■ **TASK STATEMENT**: The pictures in the data below are to be omitted; all else must be duplicated exactly.

■ **RECORDED INFORMATION**:
+===+

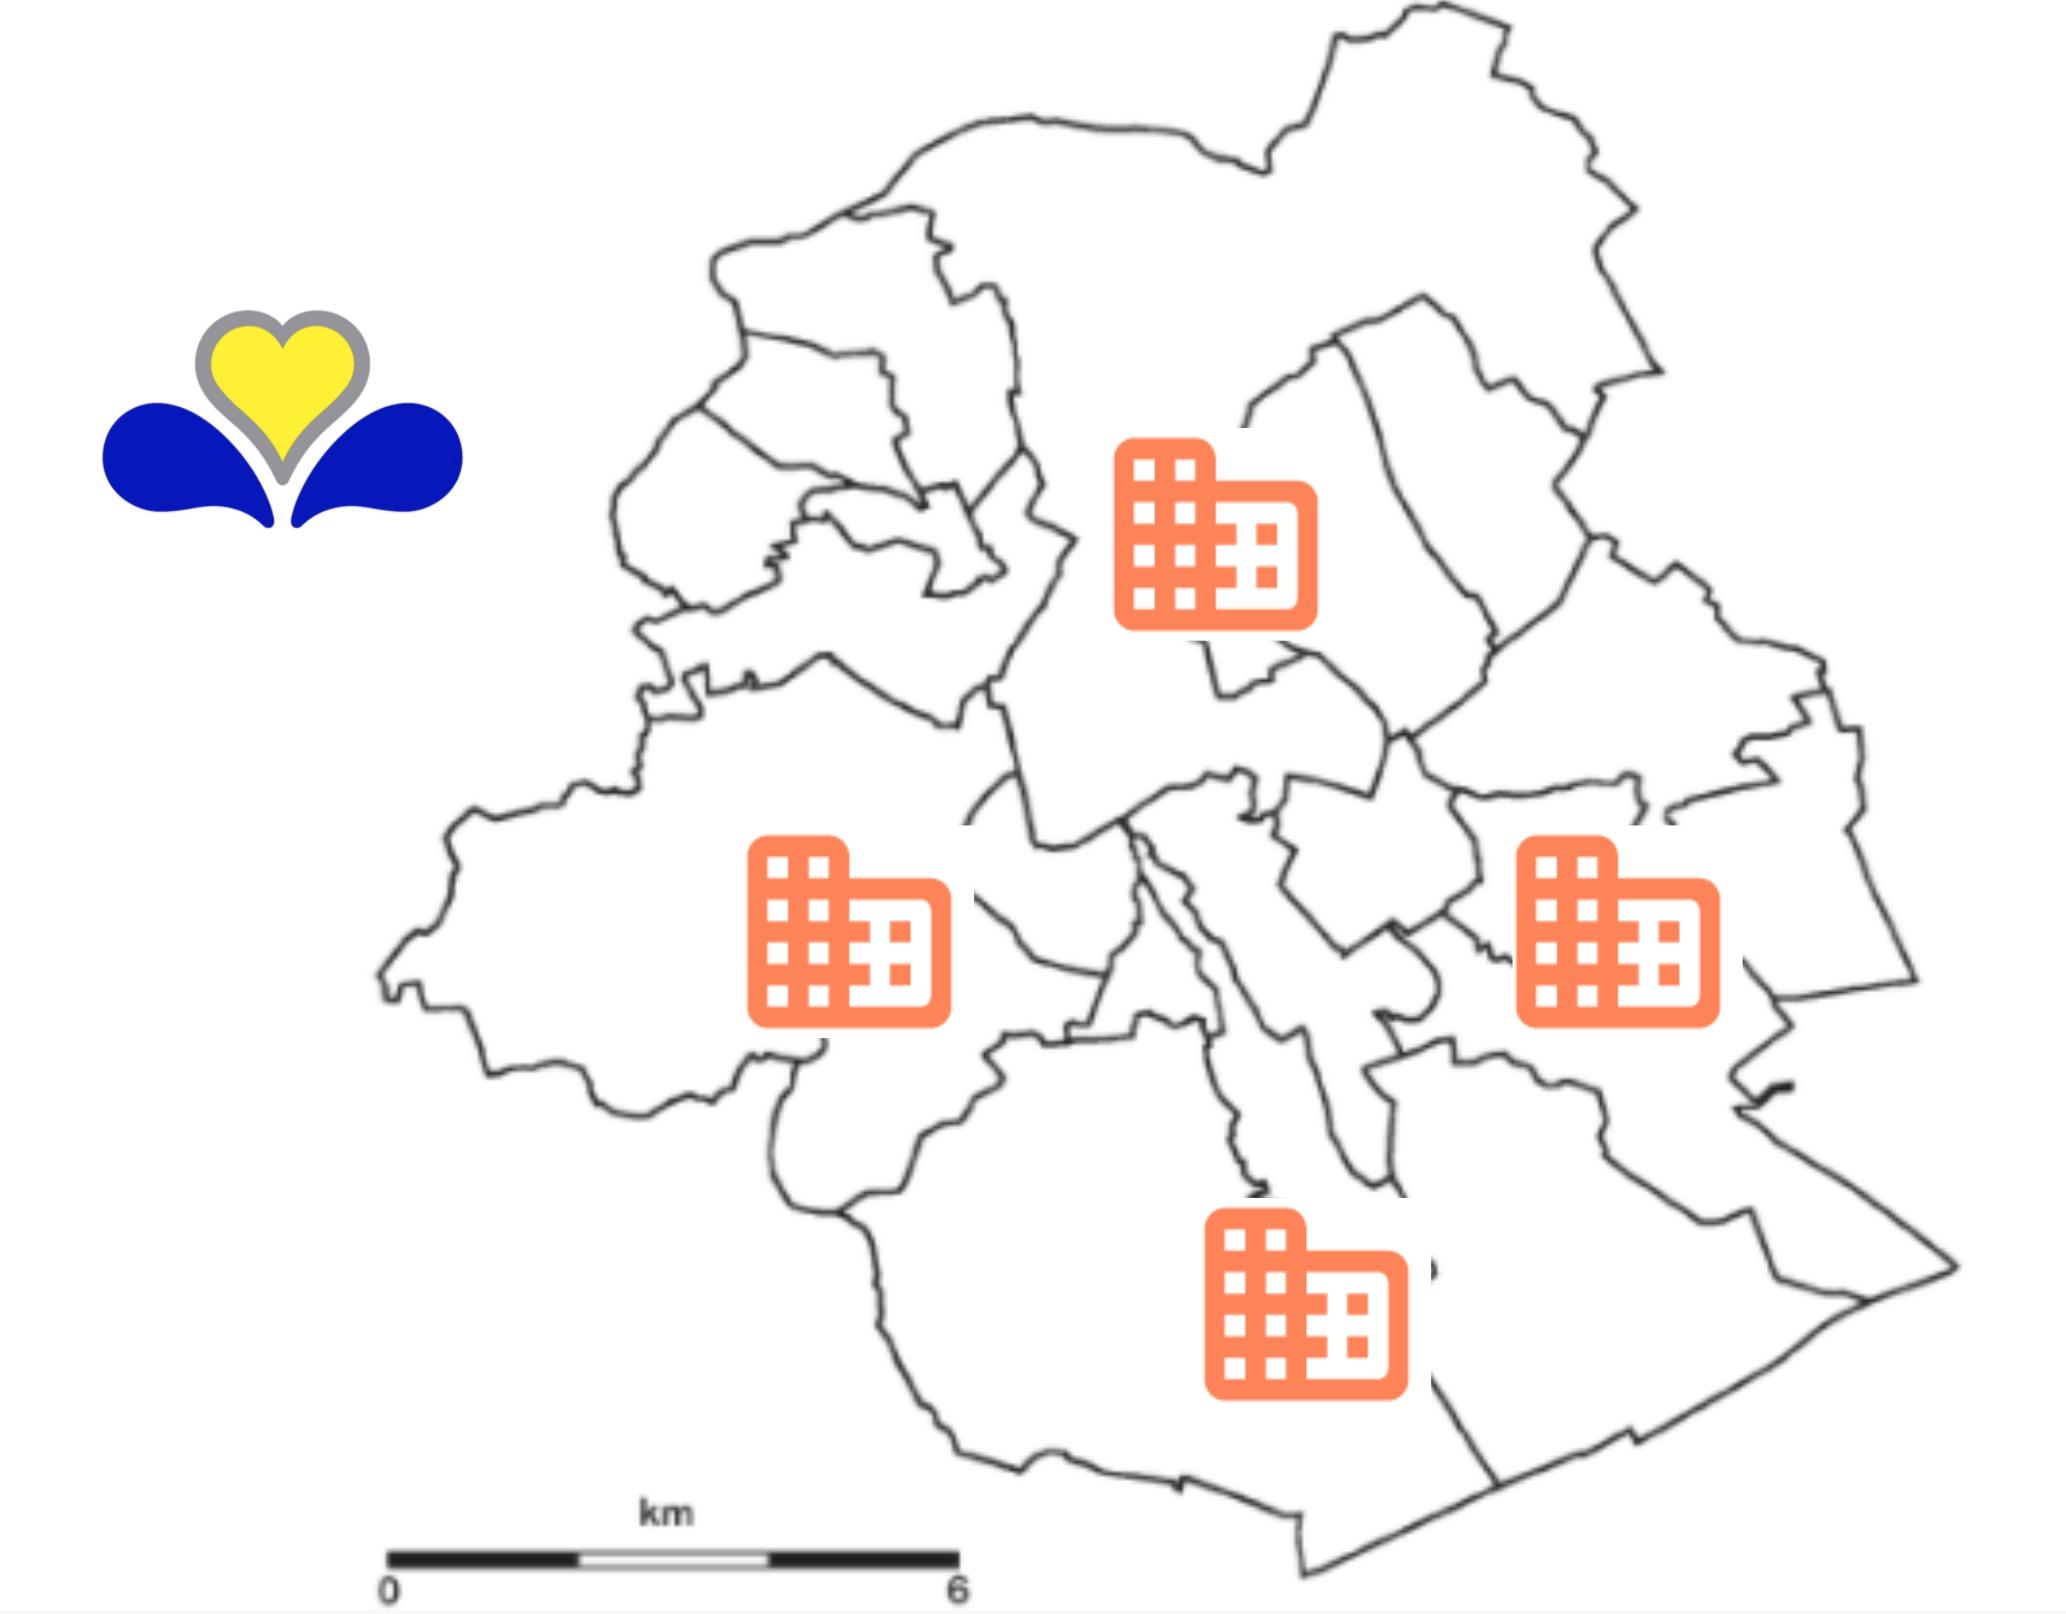 Brussel Proxi-lening
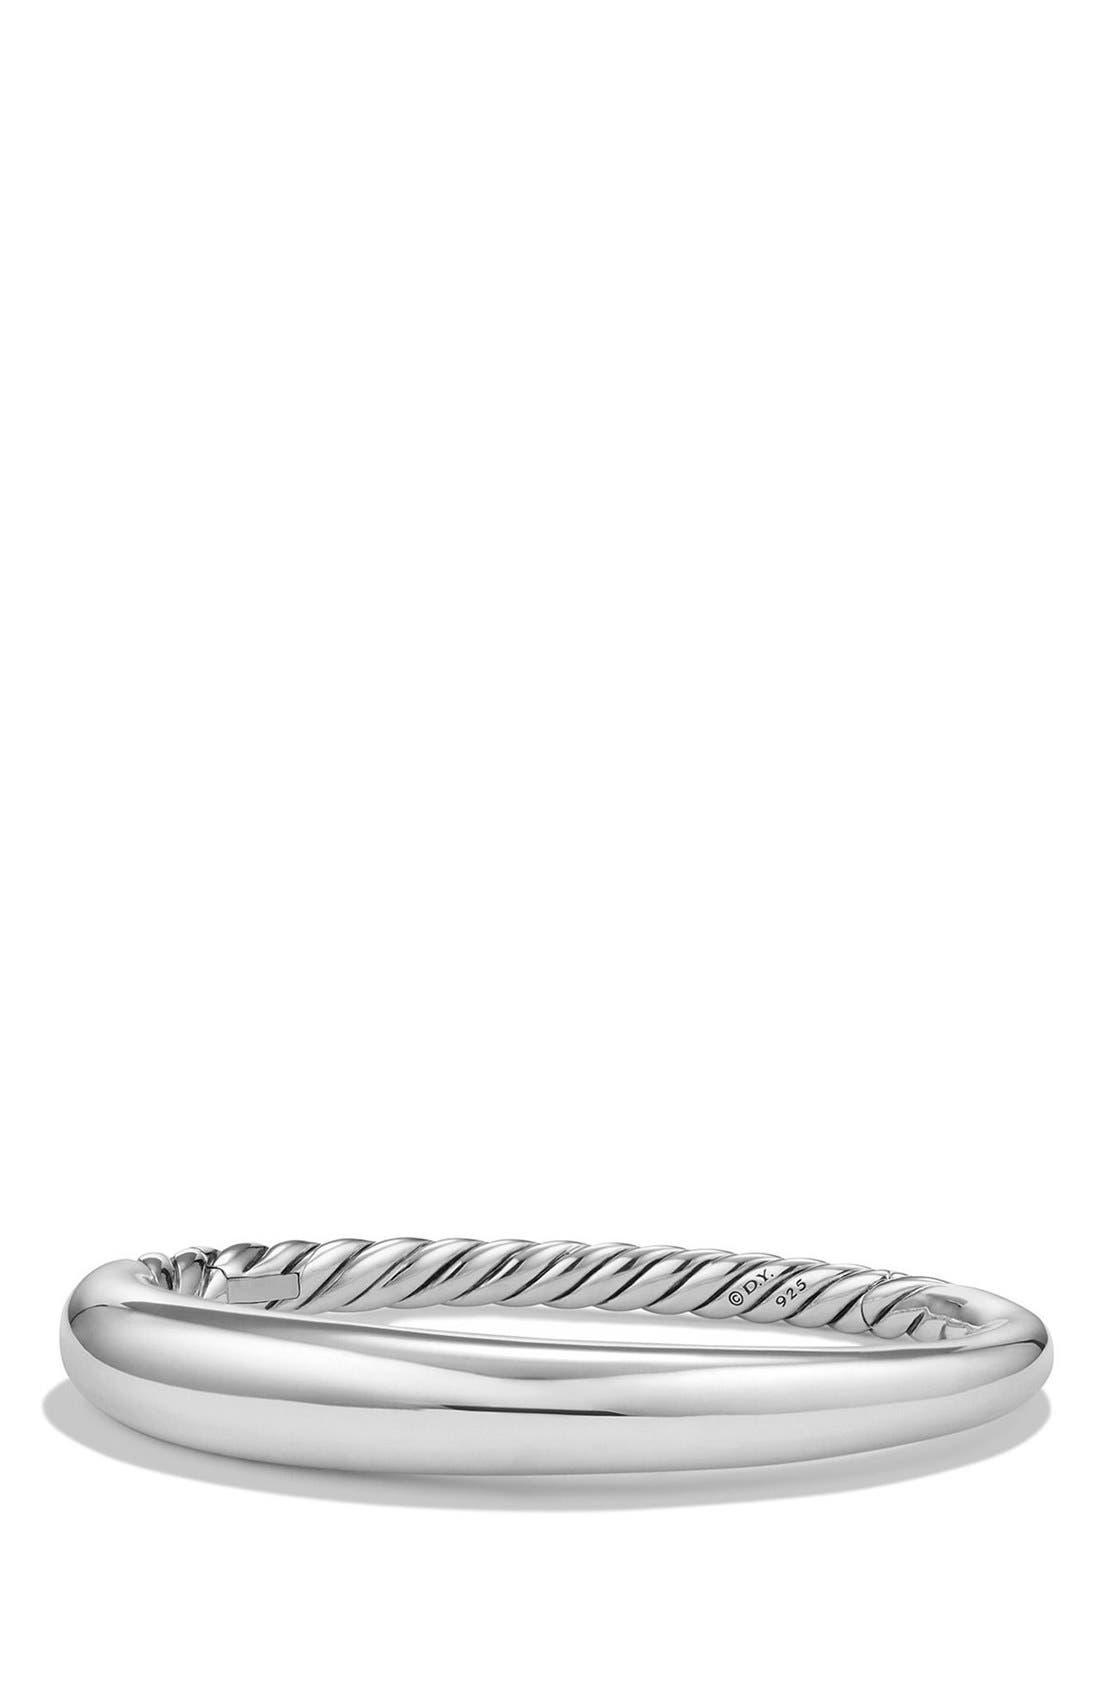 David Yurman 'Pure Form' Small Sterling Silver Bracelet
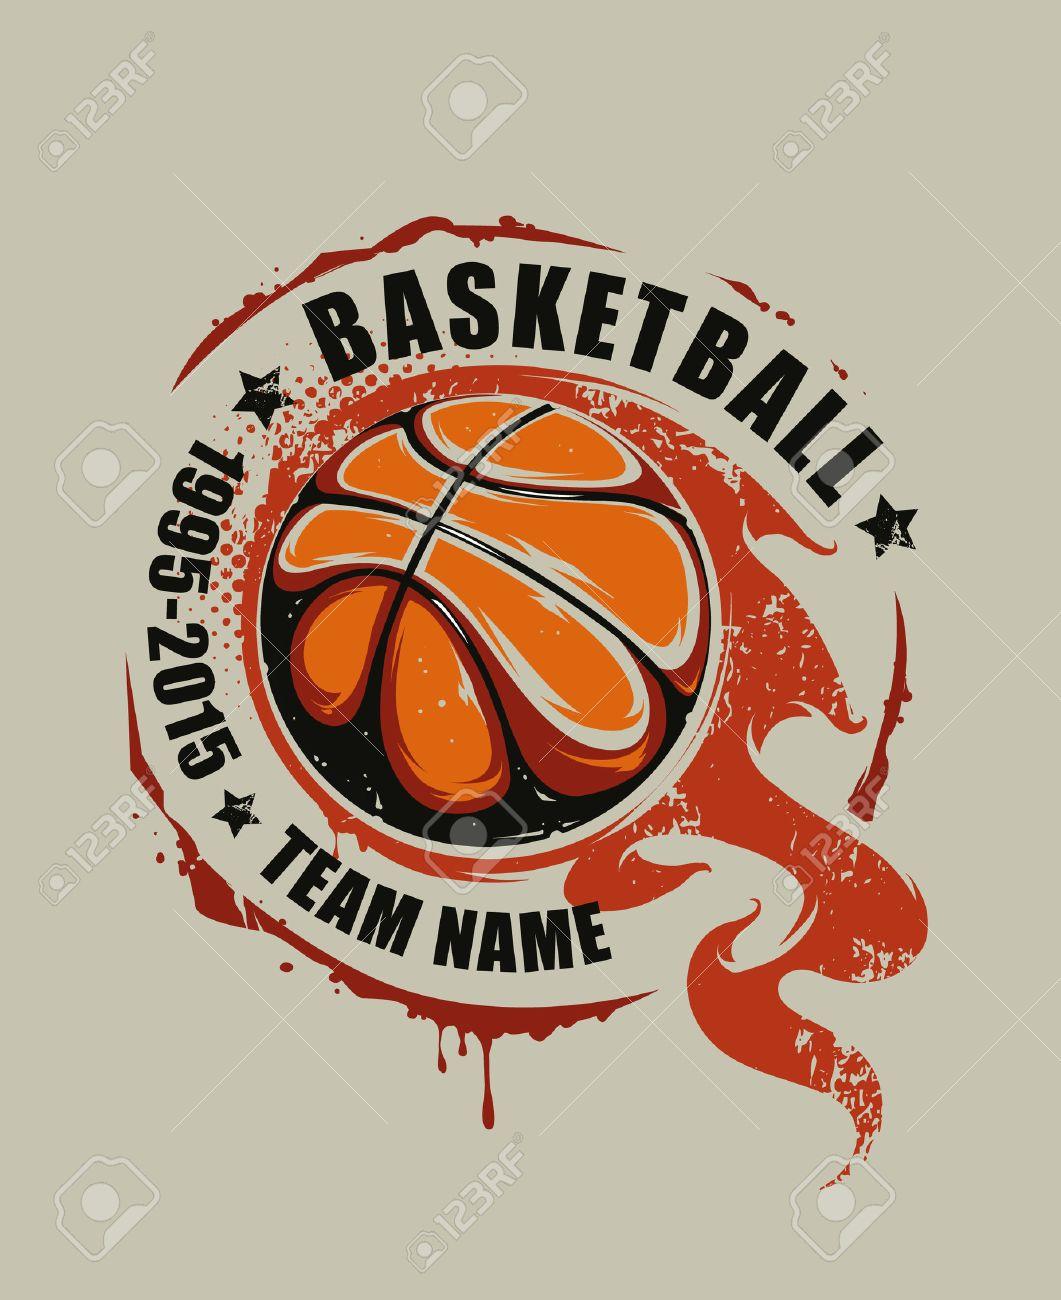 Graffiti Design Basketball
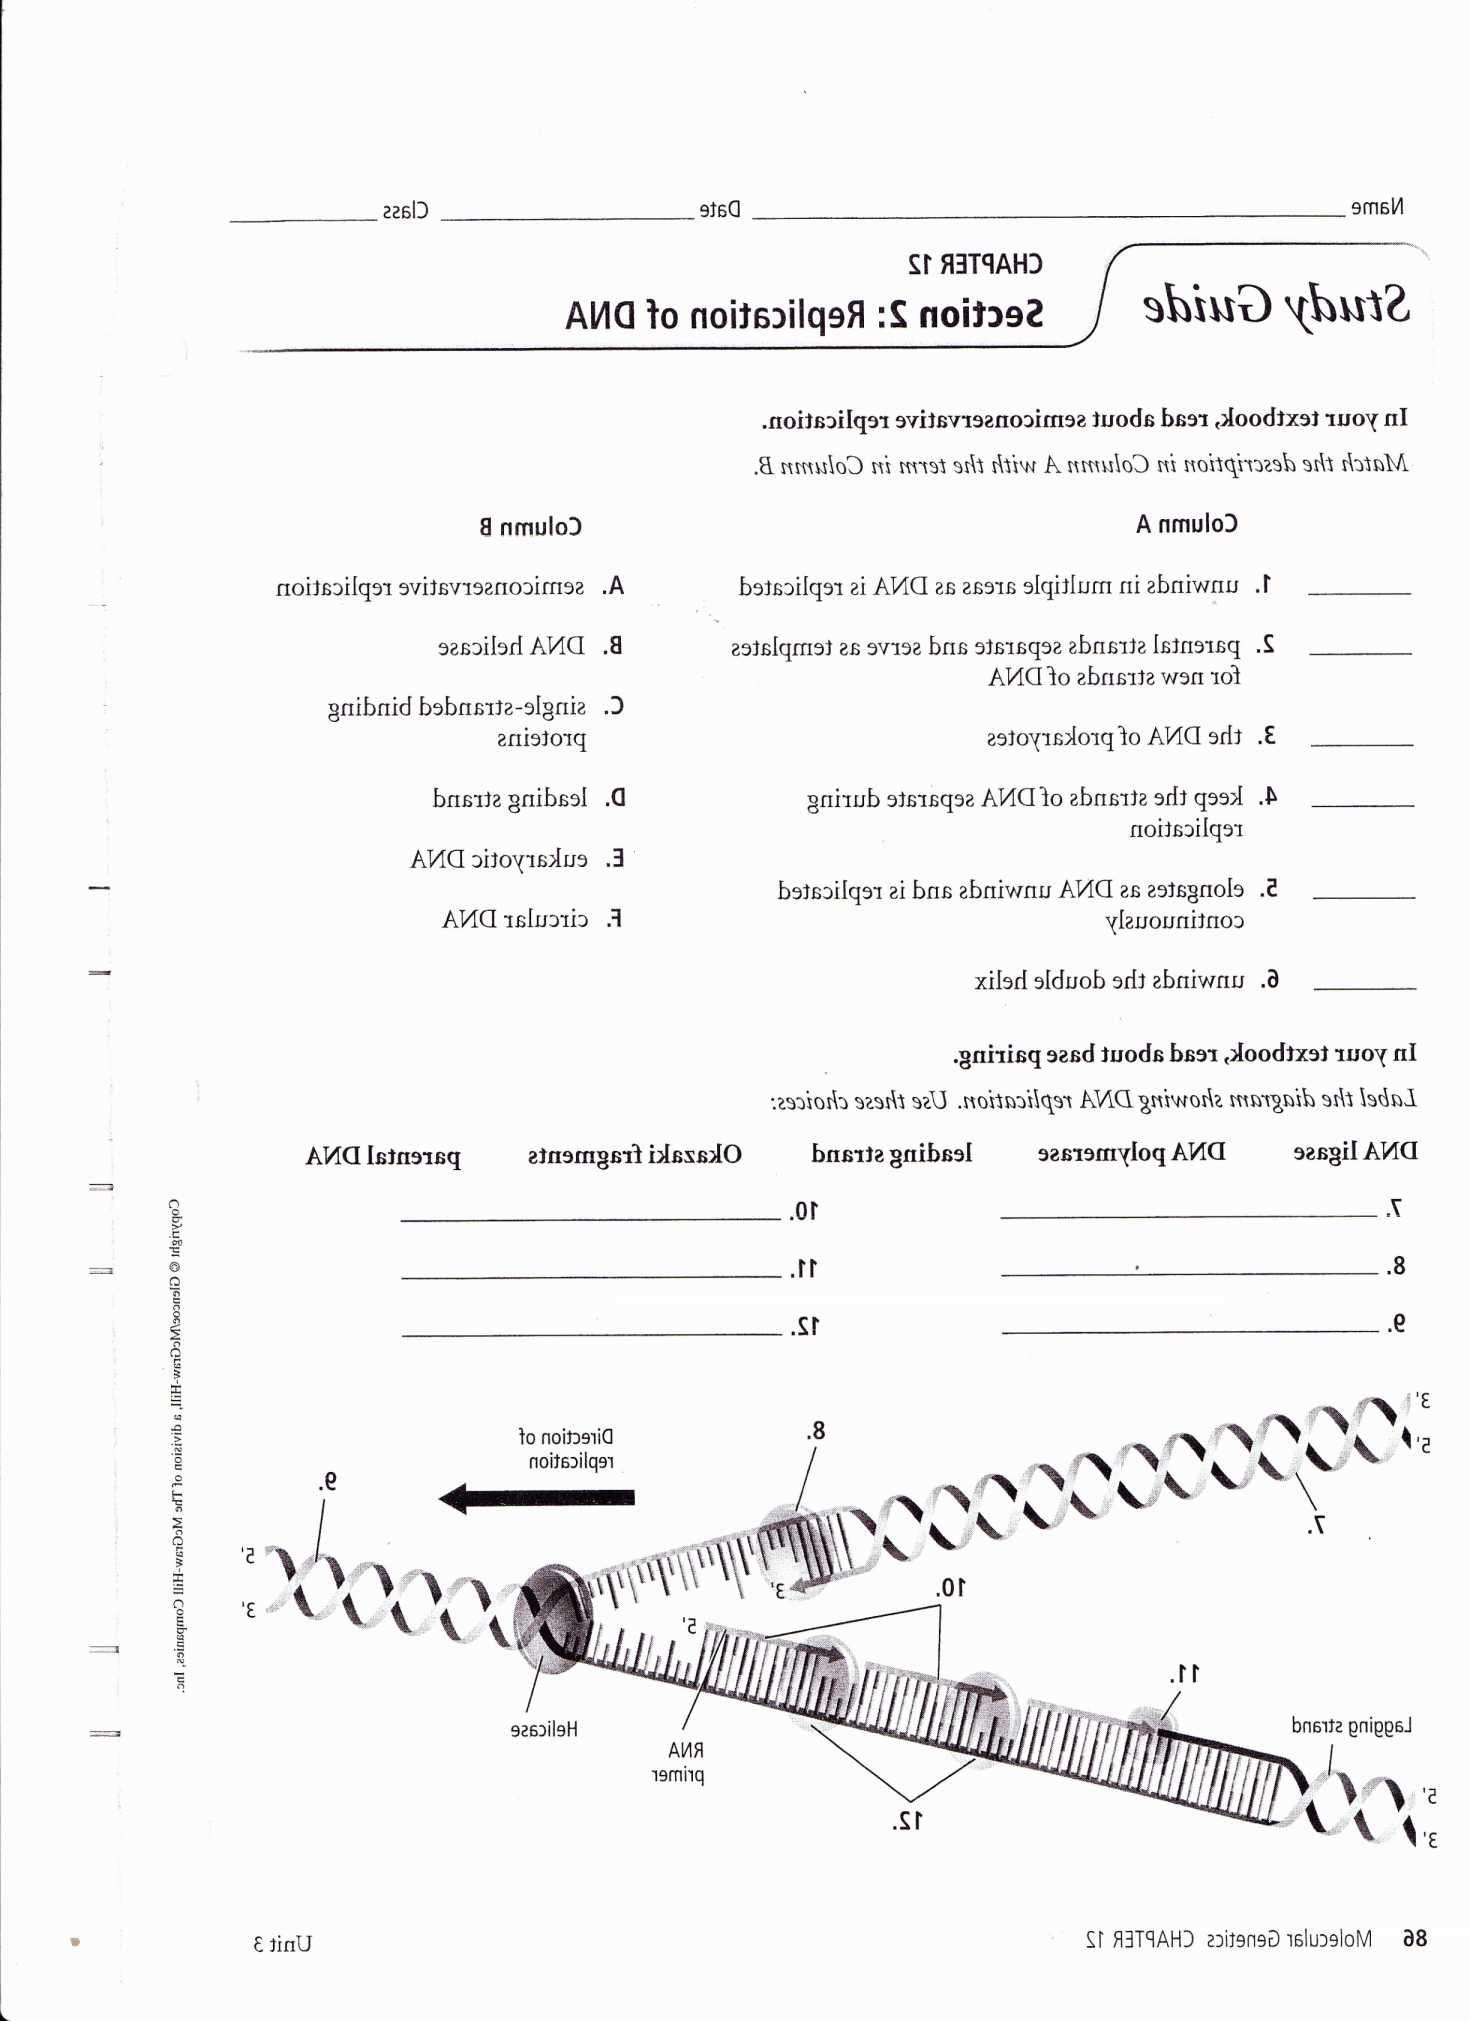 Human Inheritance Worksheet Answers

+===+

■ **RESPONSE AREA**:
 Brussel Proxi-lening
 David Yurman 'Pure Form' Small Sterling Silver Bracelet
 Graffiti Design Basketball
 Human Inheritance Worksheet Answers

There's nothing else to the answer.